Samsung was under tremendous pressure to find what went wrong with the Galaxy Note 7. Being one of the most trusted brands in the world, the South Korean conglomerate did owe answers to its customers who have helped the company maintain its lead over its rivals in the worldwide smartphone market.

Recalling a product is never easy. But after reports of multiple explosions and fires, Samsung had to recall – its largest ever – the Galaxy Note 7 twice and eventually ceased production. Now, after almost four months of investigation, Samsung says it has finally nailed down the root cause of the fiasco.

In a report released on Jan. 23, Samsung said two battery suppliers for the Galaxy Note 7 had their own construction issues that led to the unprecedented disaster in the company’s product lineup.

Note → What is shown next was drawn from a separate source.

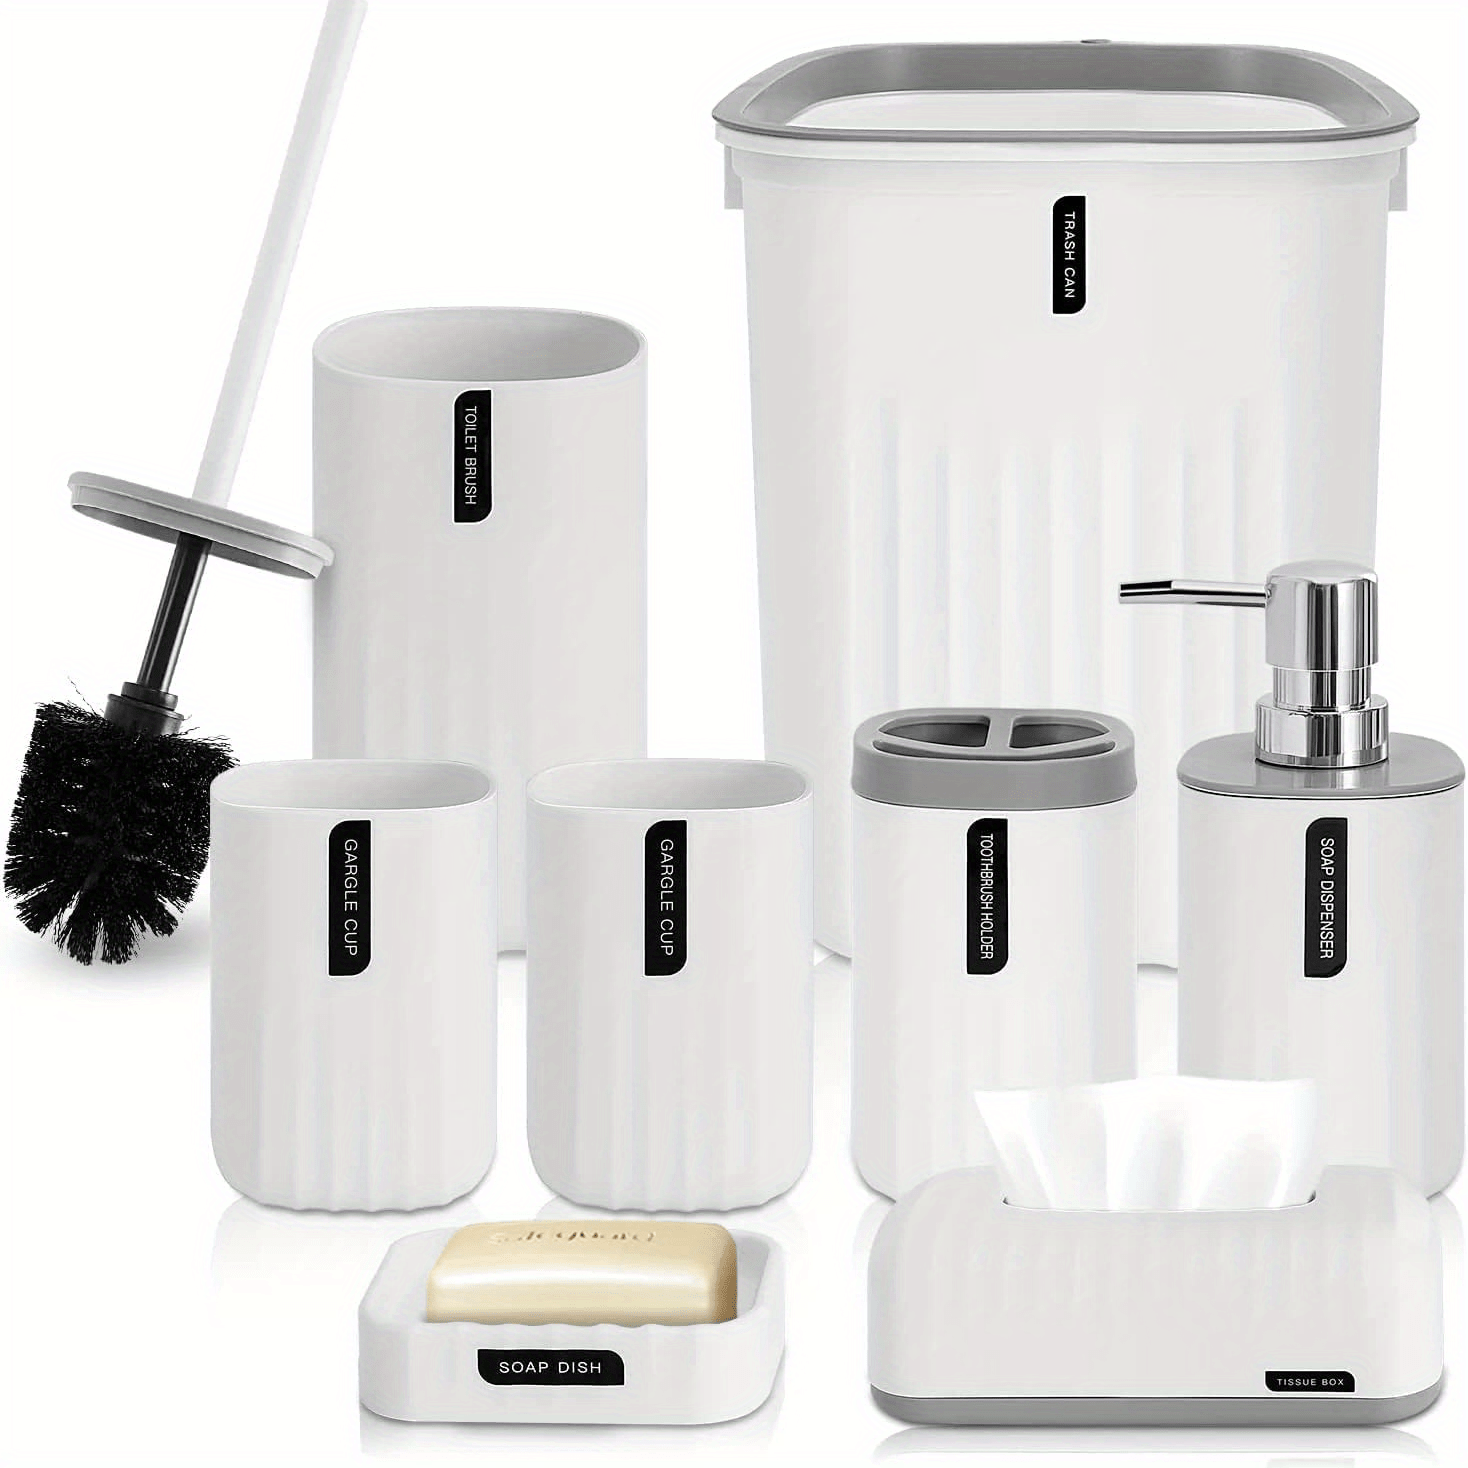 1pc, 7 Bathroom Accessories Set, Bathroom Decor, Plastic & stainless steel  Bath Ensemble Kit with Lotion Dispenser, Toothbrush Holder, Toothbrush Cup,  Soap Dish, Toilet Brush & Holder, Trash Can,Birthday, holiday,  housewarming, Christmas

Although Samsung didn’t mention the names of the battery manufacturing partners in the report, these suppliers are likely to be Samsung SDI, a sister company in Samsung Group, and Amperex Technology Ltd (ATL).

In a comprehensive infographic, Samsung described what was discovered after it investigated the issue:

Source: Samsung

Going forward, Samsung has developed strict quality assurance protocols across its entire development process, which, the company said, is to “renew its commitment to safety.”

As part of these protocols, Samsung has formed a battery advisory group of external advisers including academic and research experts. It has also implemented a multi-layer safety measures procedure at the product planning phase, and a new 8-point battery safety system to address safety from the component level to the assembly and shipment of devices.

Source: Samsung

How will it affect Samsung and the entire smartphone industry?

The bursting Galaxy Note 7 and its massive recall thereafter gave many a shock of their lifetime. Now that Samsung investigated and found what caused the anomaly, it is clear that the probe’s findings will have a long-term impact on Samsung’s future offerings as well as the overall smartphone industry.

It’s a no-brainer that Samsung has learned from its mistake and will significantly improve the company’s processes. It took Samsung almost 120 days to inspect each and every aspect of its process between product design and delivery. It is very likely that the probe unearthed loopholes in Samsung’s smartphone business that the company need to fix at the earliest.

Considering that Samsung has taken a more serious approach towards safety measures, the company’s customers are bound to get better smartphones in the future. With software having fewer bugs and with much durable hardware, Samsung’s upcoming smartphones should be the most highly tested ones in the company’s history.

However, the attempts to enhance product safety could also lead to delayed launch of Samsung’s new products. The company itself indicated earlier this week that the launch of its next flagship Galaxy S smartphone, very likely to be named the Galaxy S8, could be postponed as Samsung pledged to improve safety measures for its next-generation products.

Samsung’s moves to improve on its product safety measures will also influence other players to embark on similar trails and help improve safety standards of the overall industry. However, component manufactures, especially battery makers, will have some tough time ahead as they will be under pressure to follow new safety guidelines while performing deeper inspections at faster rates.